▸ PROBLEM
Please copy all of the data that follows exactly, leaving any pictures out.

▸ SOURCE DATA

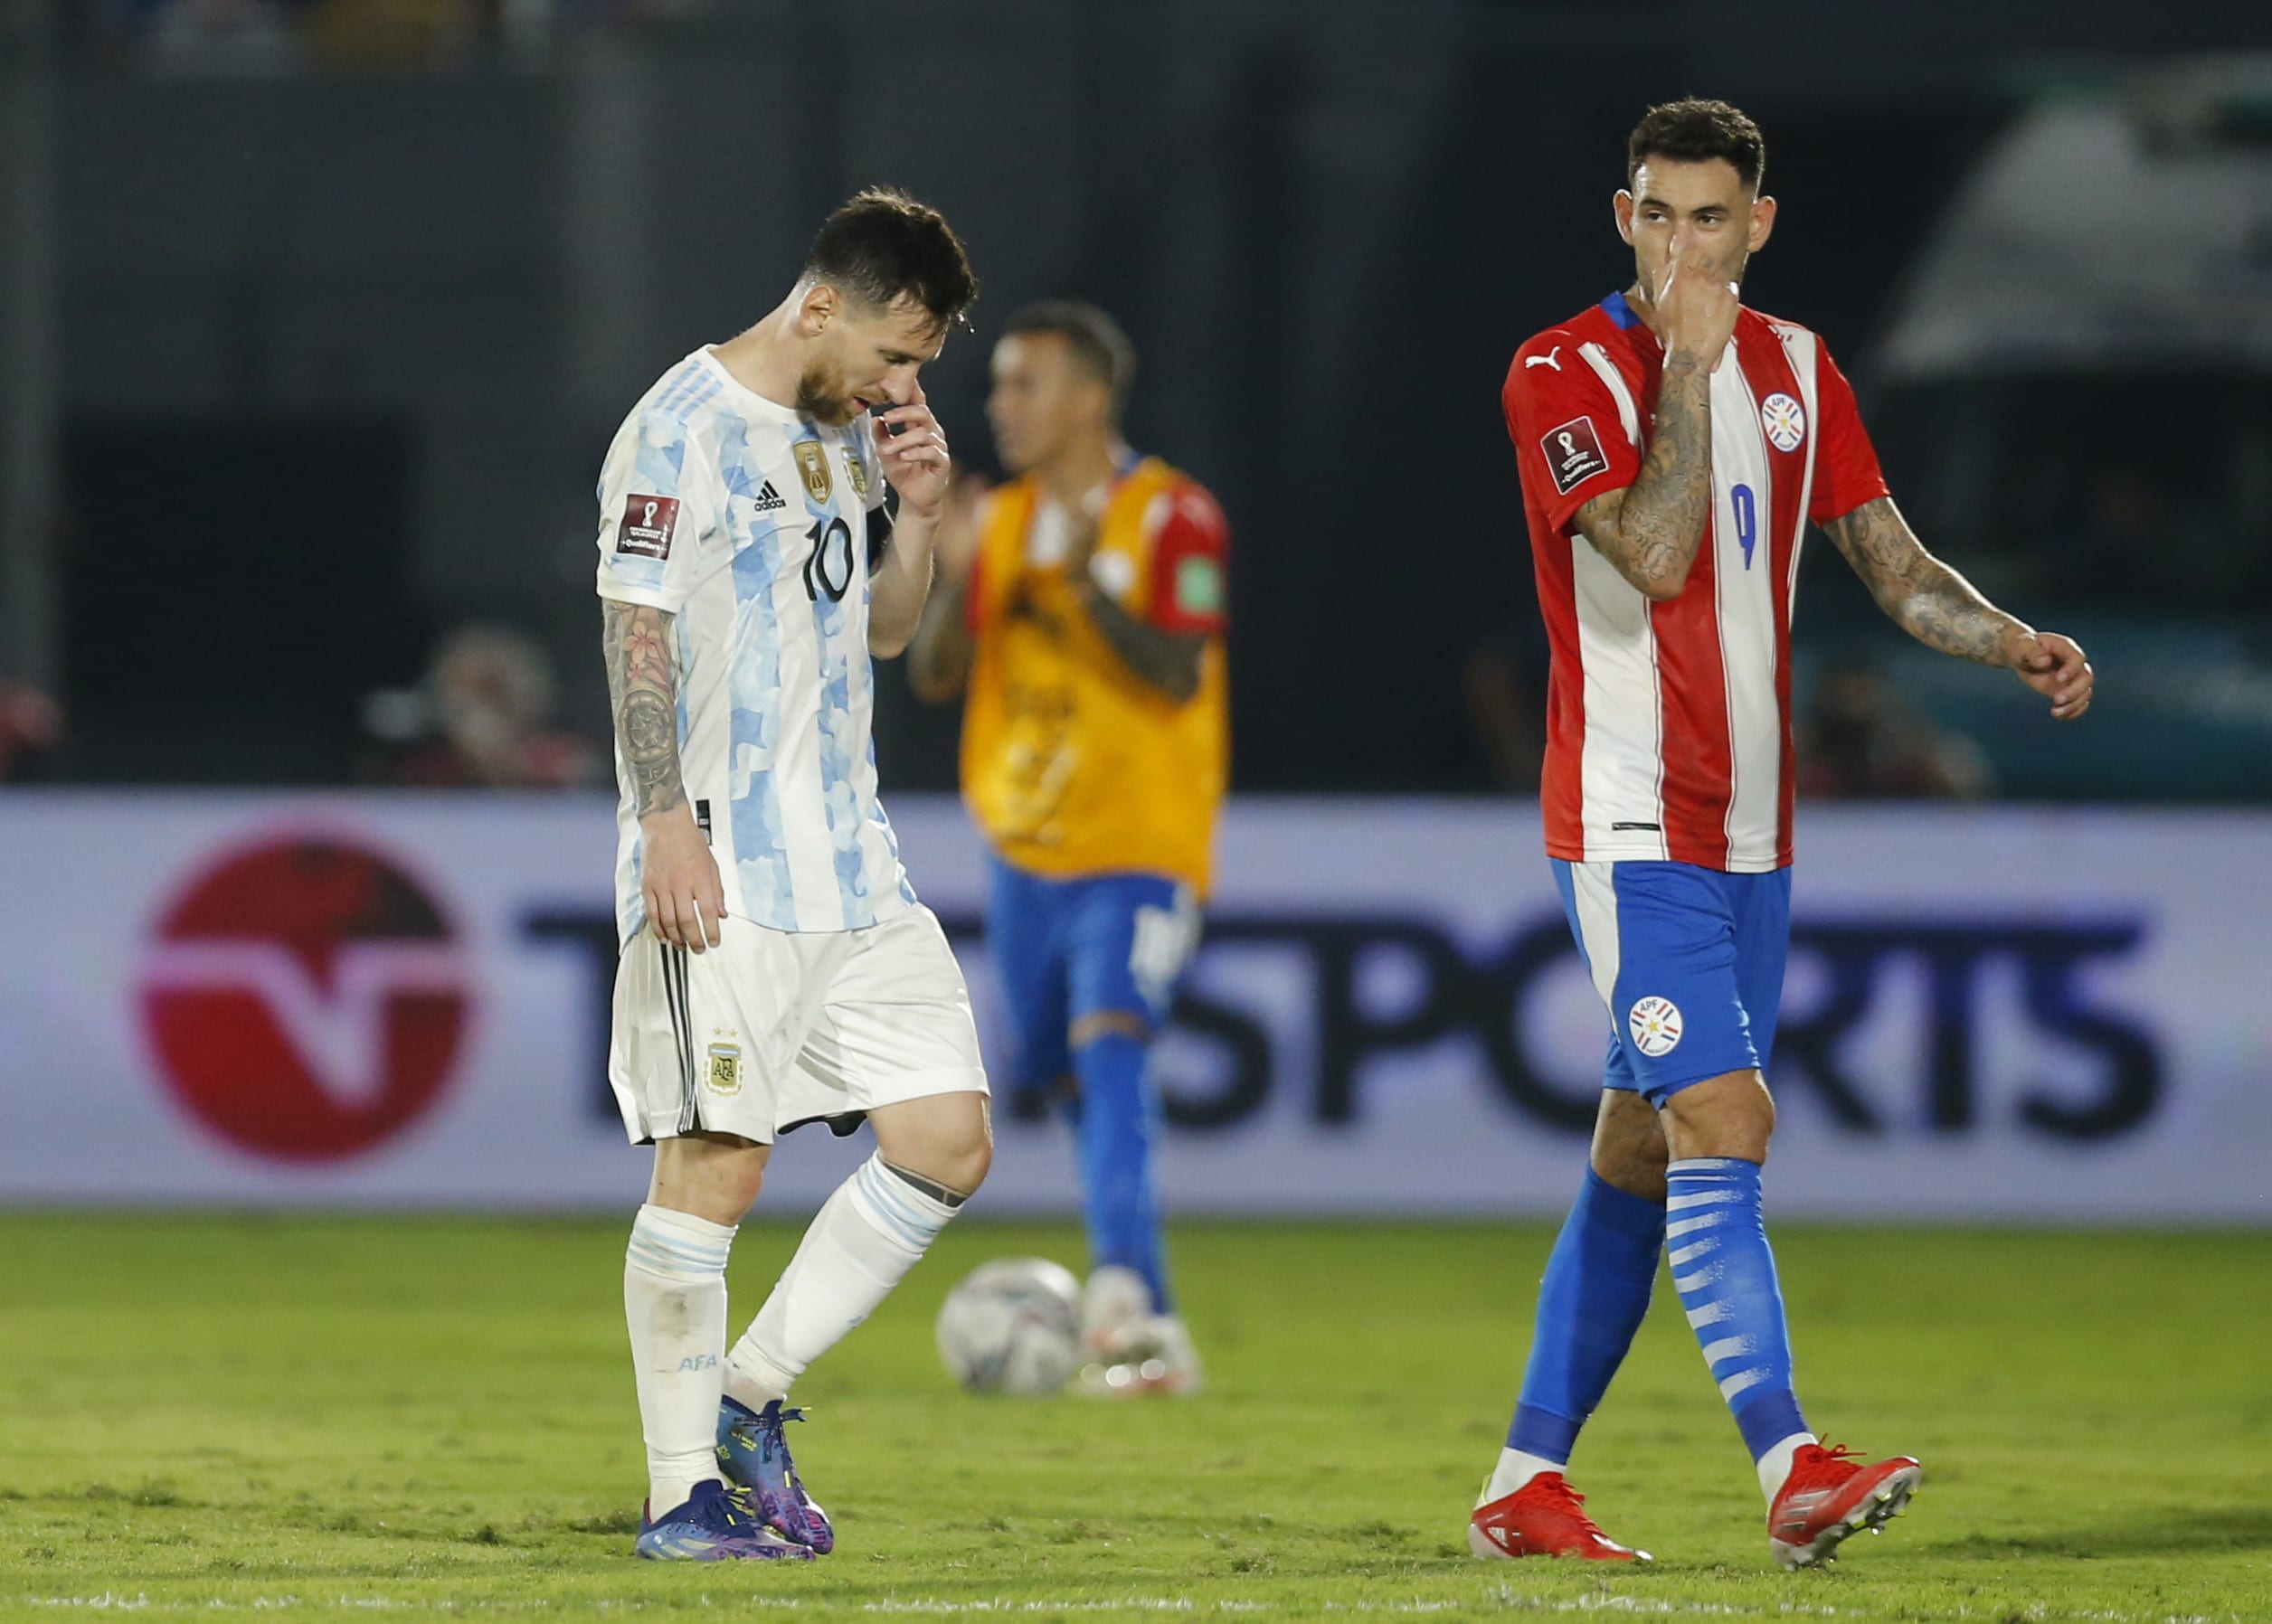 שחקן נבחרת ארגנטינה ליאונל מסי מאוכזב, לצידו שחקן נבחרת פרגוואי אנטוניו סנאבריה
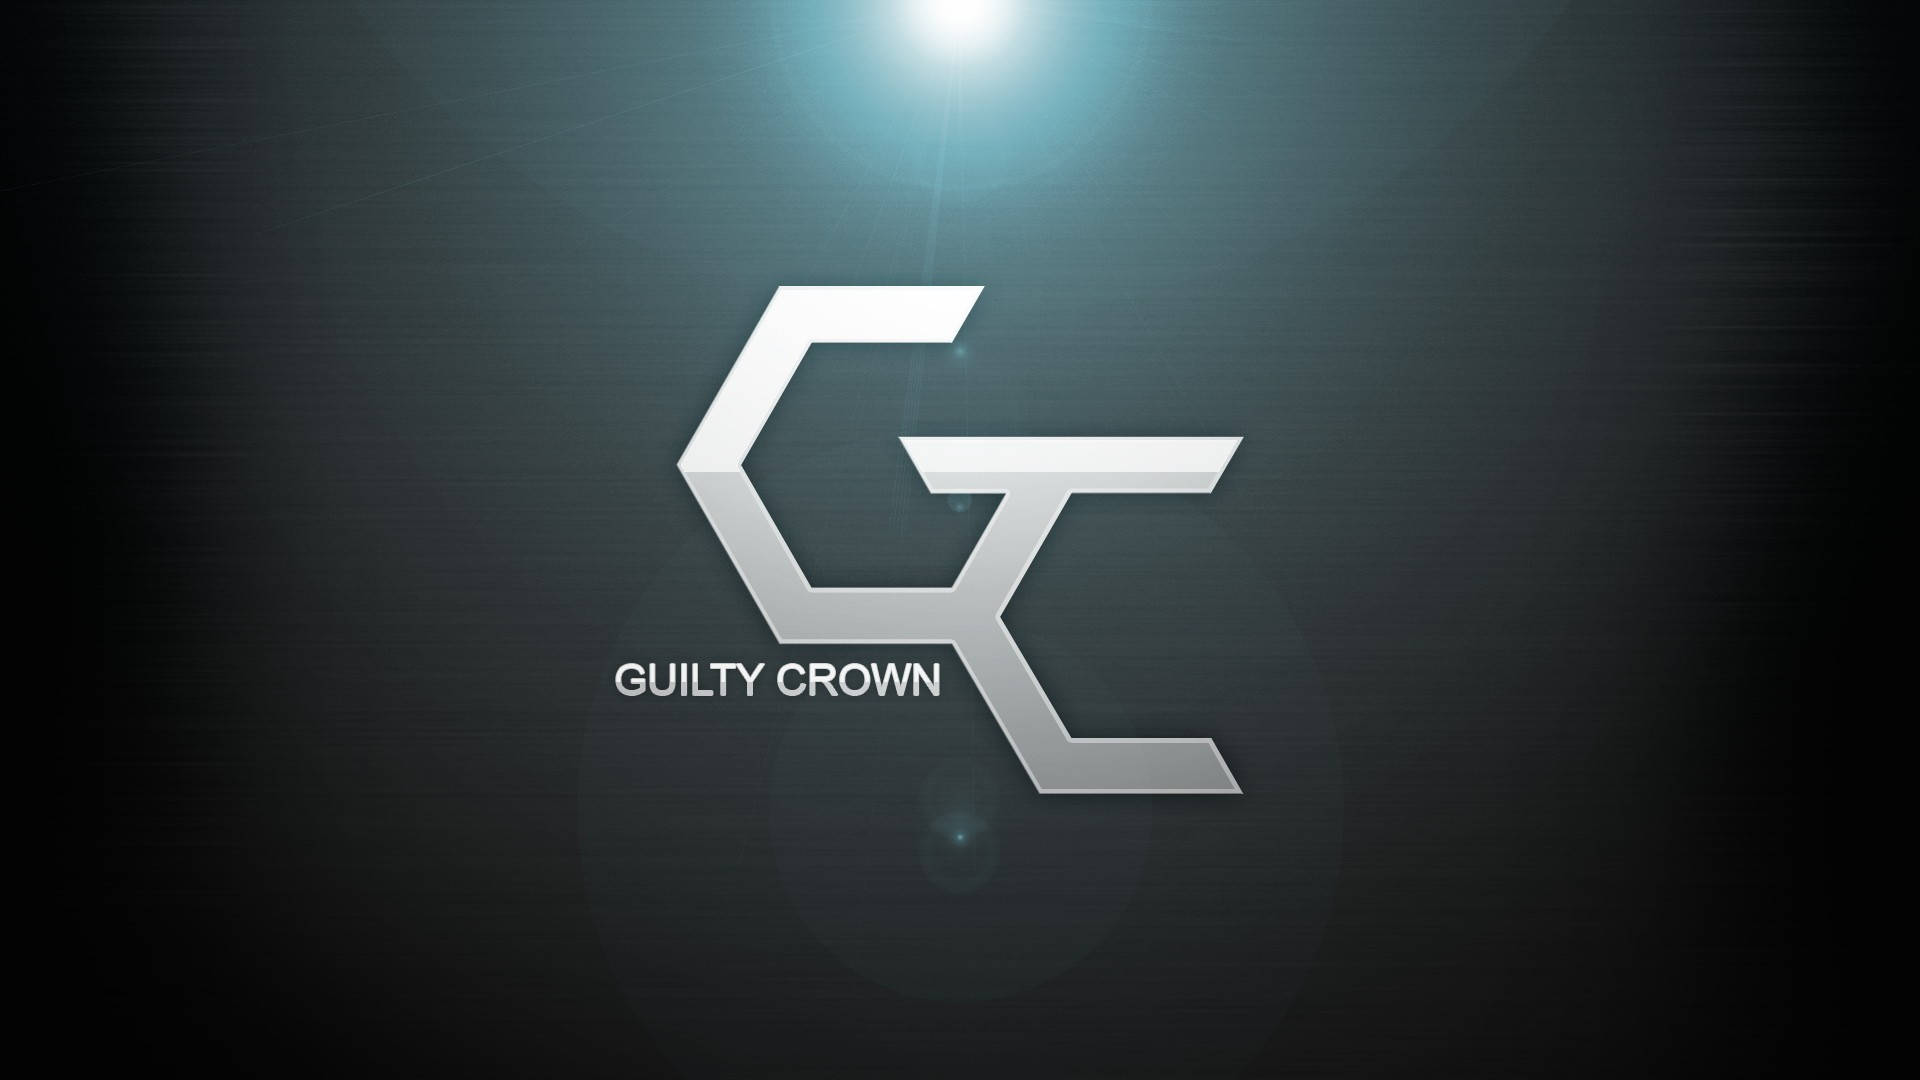 guilty-crown
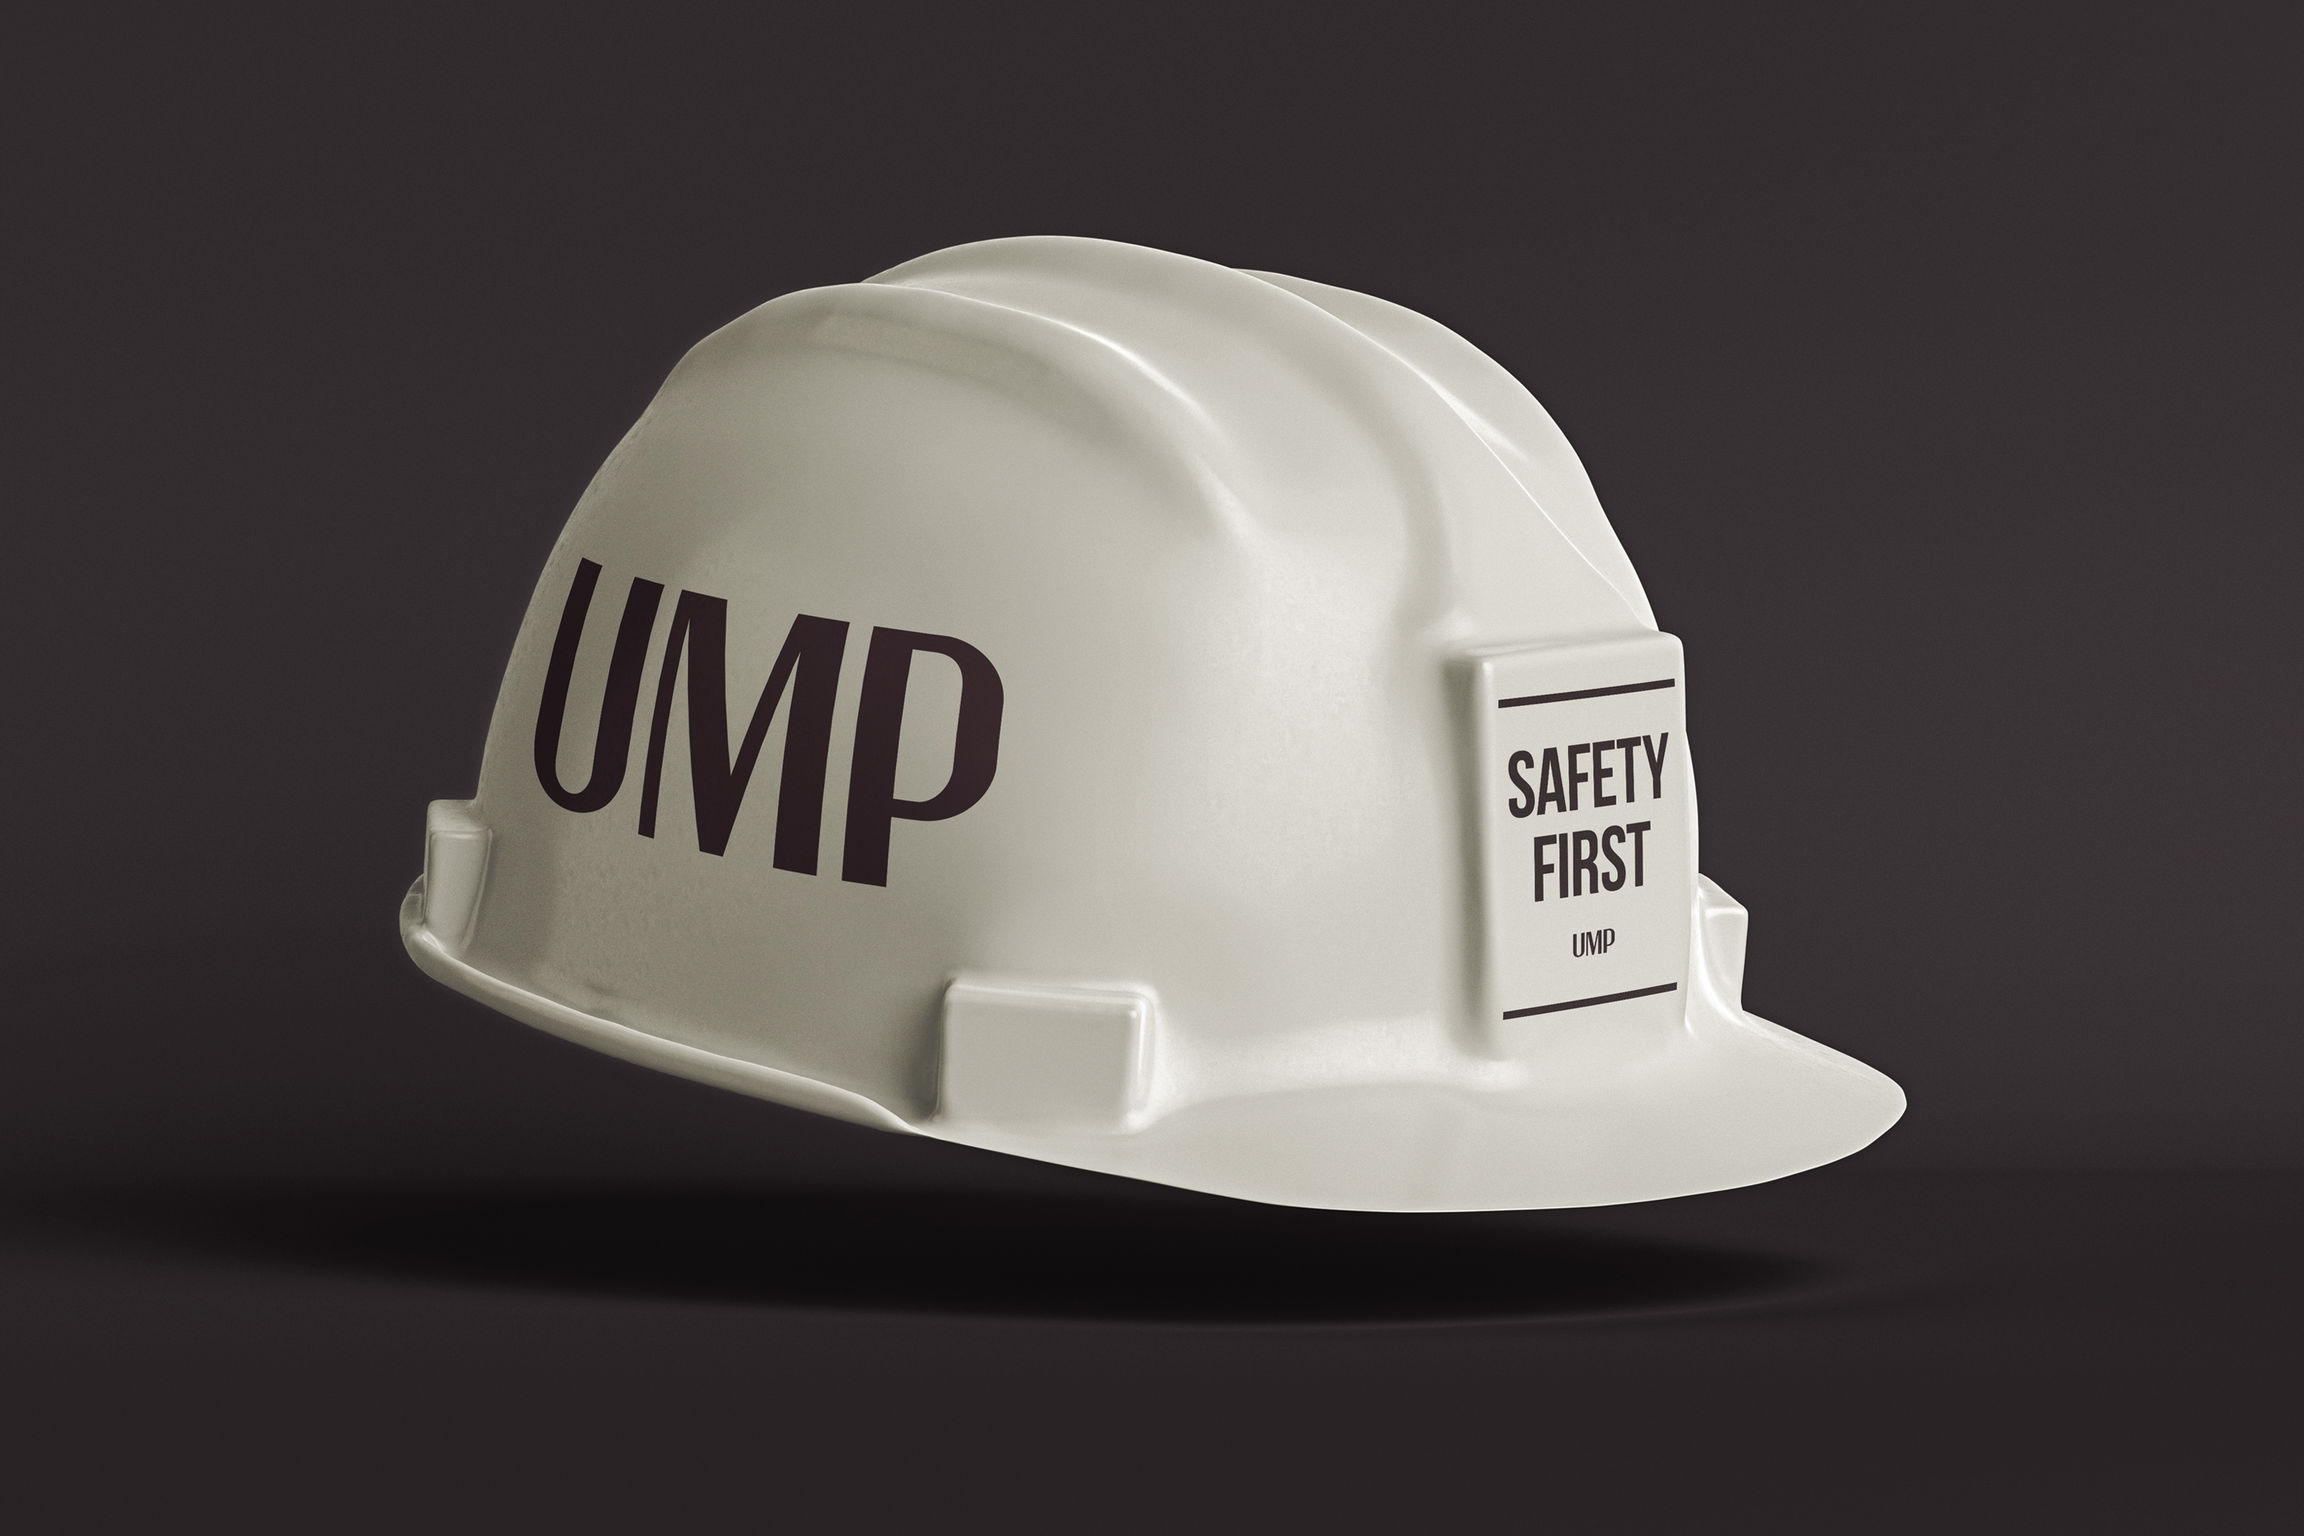 UMP Corporate Identity Design

▸ RESULT
 שחקן נבחרת ארגנטינה ליאונל מסי מאוכזב, לצידו שחקן נבחרת פרגוואי אנטוניו סנאבריה
 guilty-crown
 UMP Corporate Identity Design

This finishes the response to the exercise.